With therapy and practice, I’ll be able to make proper use of my newly-stretched vocal cords, which leads me to the big news…
Project Zipped Lips is, essentially, OVER.
I CAN SING AGAIN!
While total vocal rest was good for letting my vocal cords heal from the beating they’d taken for the past twenty years, in actuality they do very little to resolve my issue. In fact, I’m supposed to use my voice, but use it in the proper way. After Ms. Kitchie helped me figure out my new speaking pitch–nowhere near the low baritone that I apparently was merely faking all these years–I was given the directive to ditch the whiteboard and practice everything she taught me. Which I proceeded to do. With gusto. Who knew the hallways of St. Luke’s had such great acoustics?
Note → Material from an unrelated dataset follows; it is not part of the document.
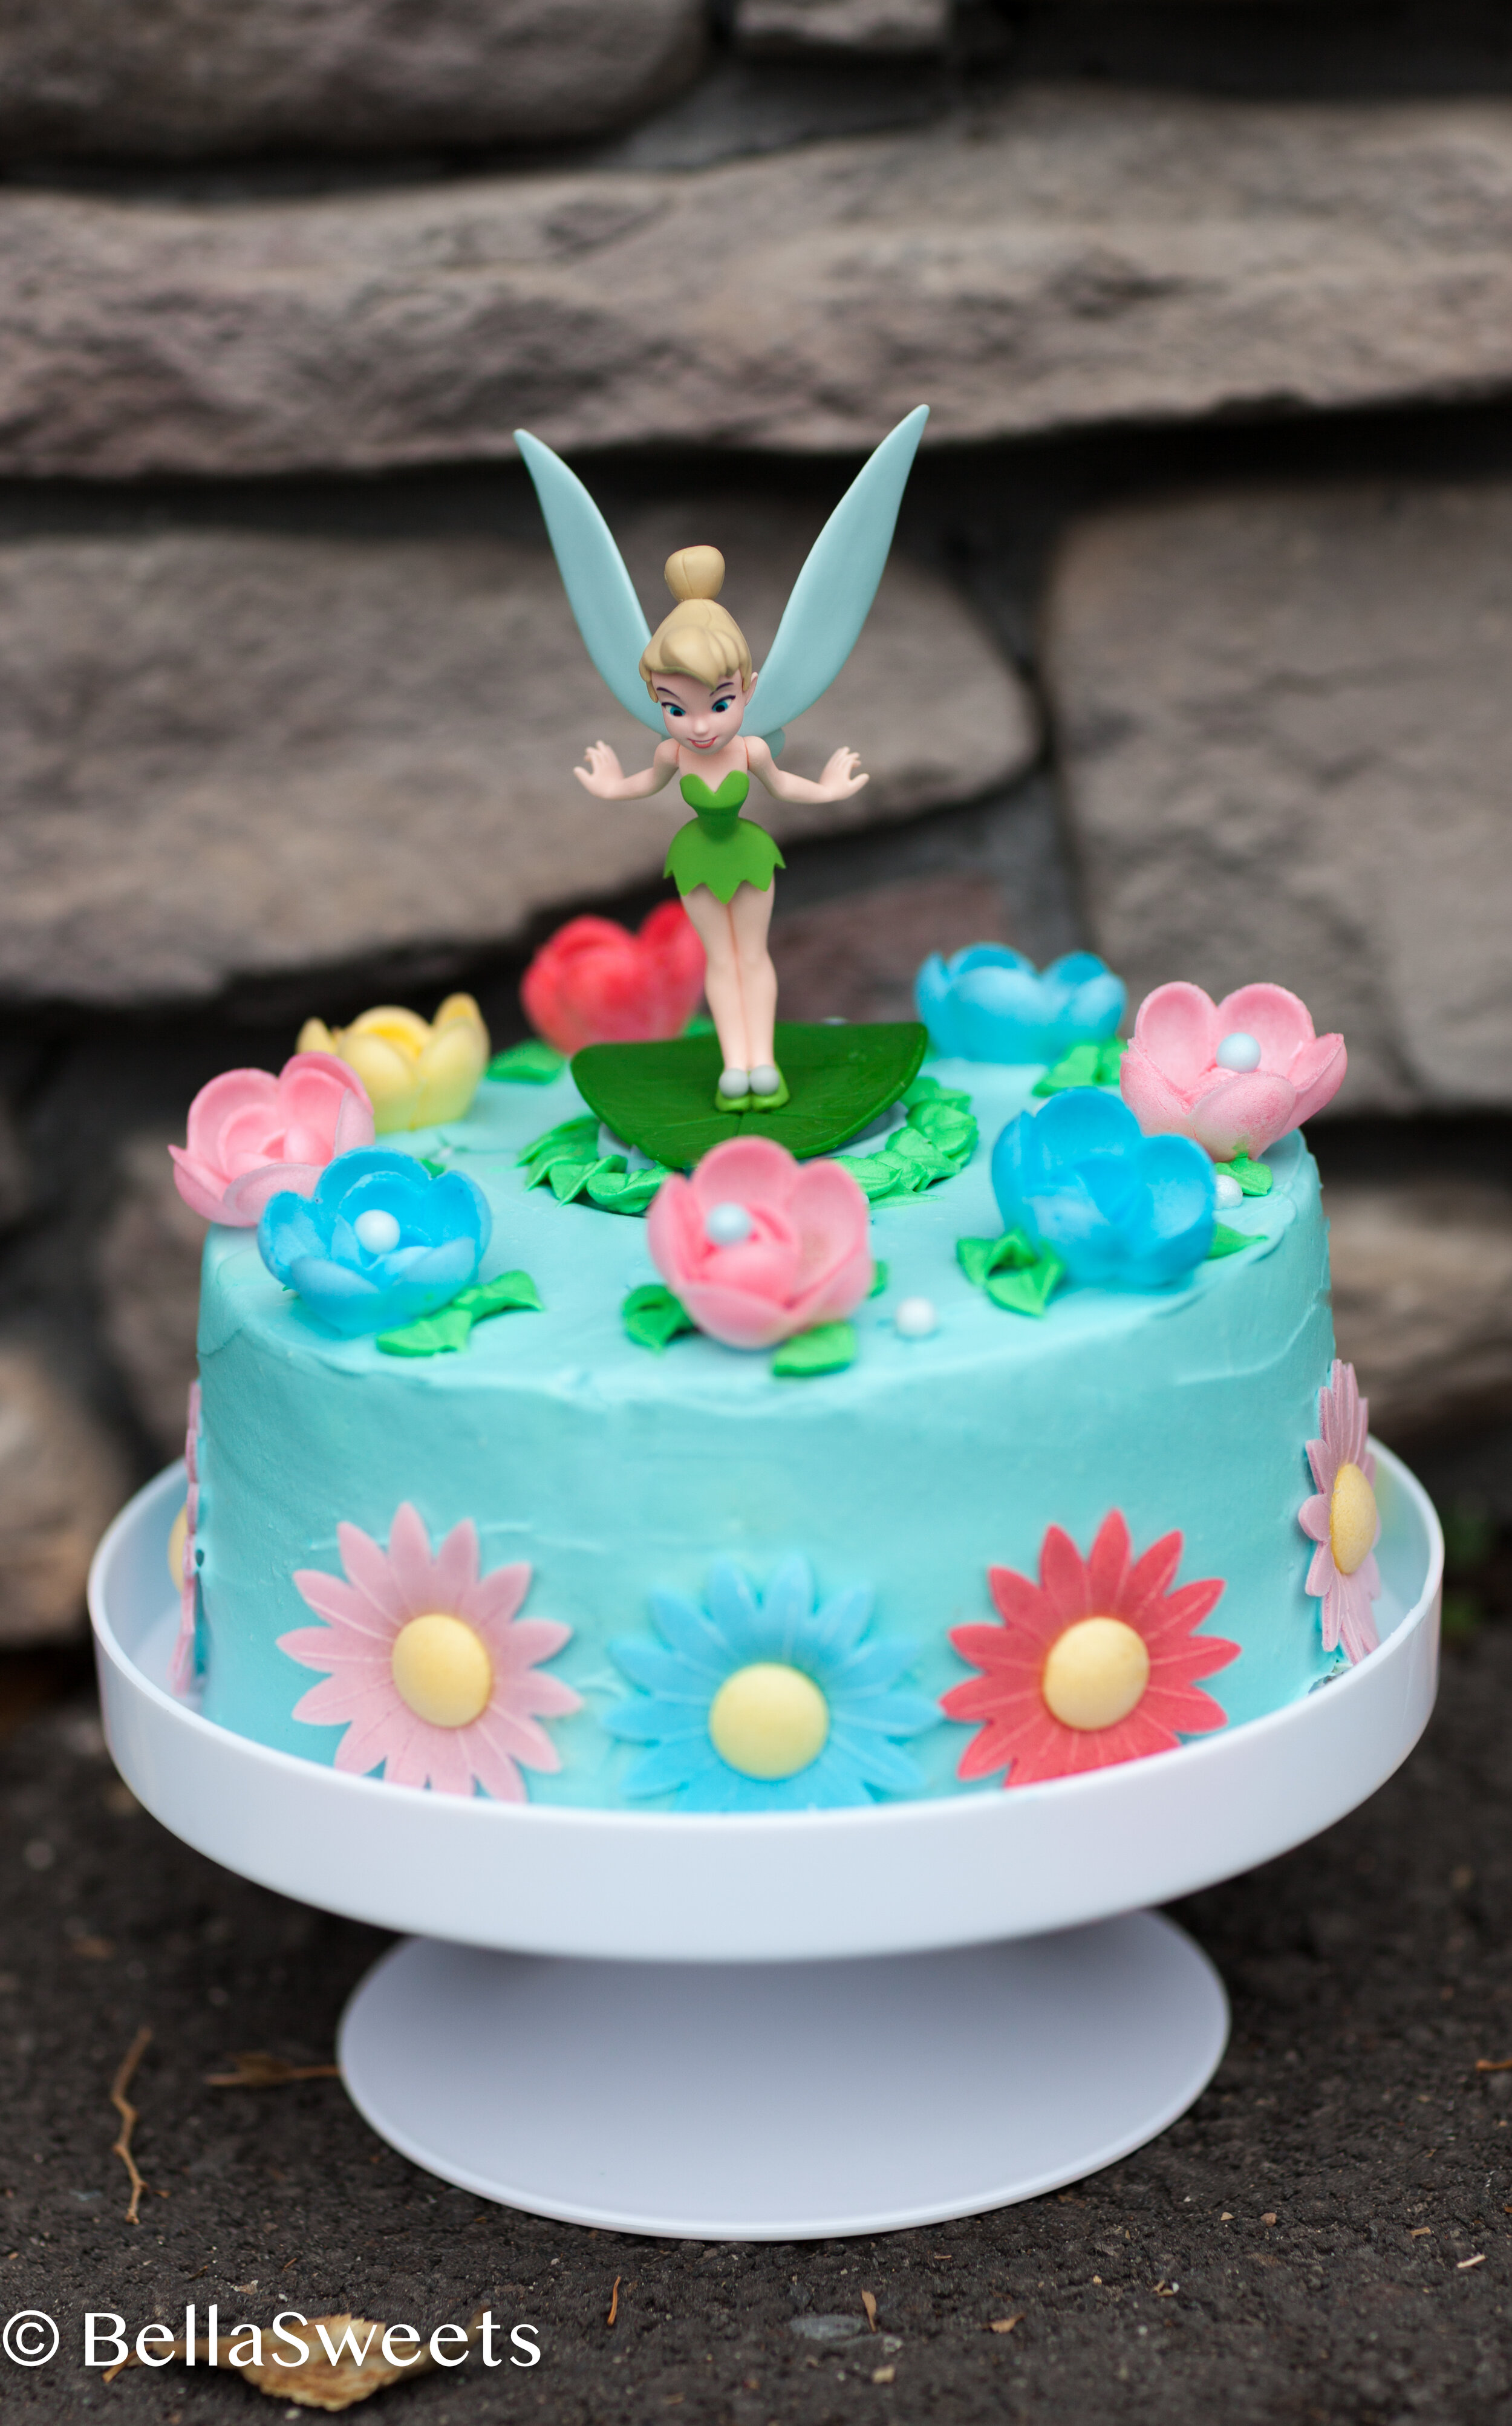 Disney Fairies Tinkerbell cake decorating kit no 1 - Kiwicakes

Just happy I can sing again.
So my season of silence has, apparently, ended. While I won’t be leading worship for a while yet and my initial gusto at “practicing” has landed me with a bit of a sore throat (easy there, tiger), essentially I can once again resume communicating as a “normal” person, albeit with more attention to breathing and less intensity than before. And I think that’s a good thing, the new restrictions that are placed on how I can speak and sing. If anything, they’re freeing, because once I master them I won’t ever have to worry about losing the voice that, in the past two weeks of silence, I’ve learned to appreciate more and more. No more comparing myself to my friends or belittling my range–now, I’m just grateful to have what I have, weirdly-textured soprano and all.
So that’s it for now! I guess we’ll have to be renaming Project Zipped Lips as Project Breathe, but since I’m still determined to limit my vocal activity, I’ll continue updates on new developments. I’m definitely excited to see what elsecomes up in the next couple of weeks! If today is any indication, it’s all up from here!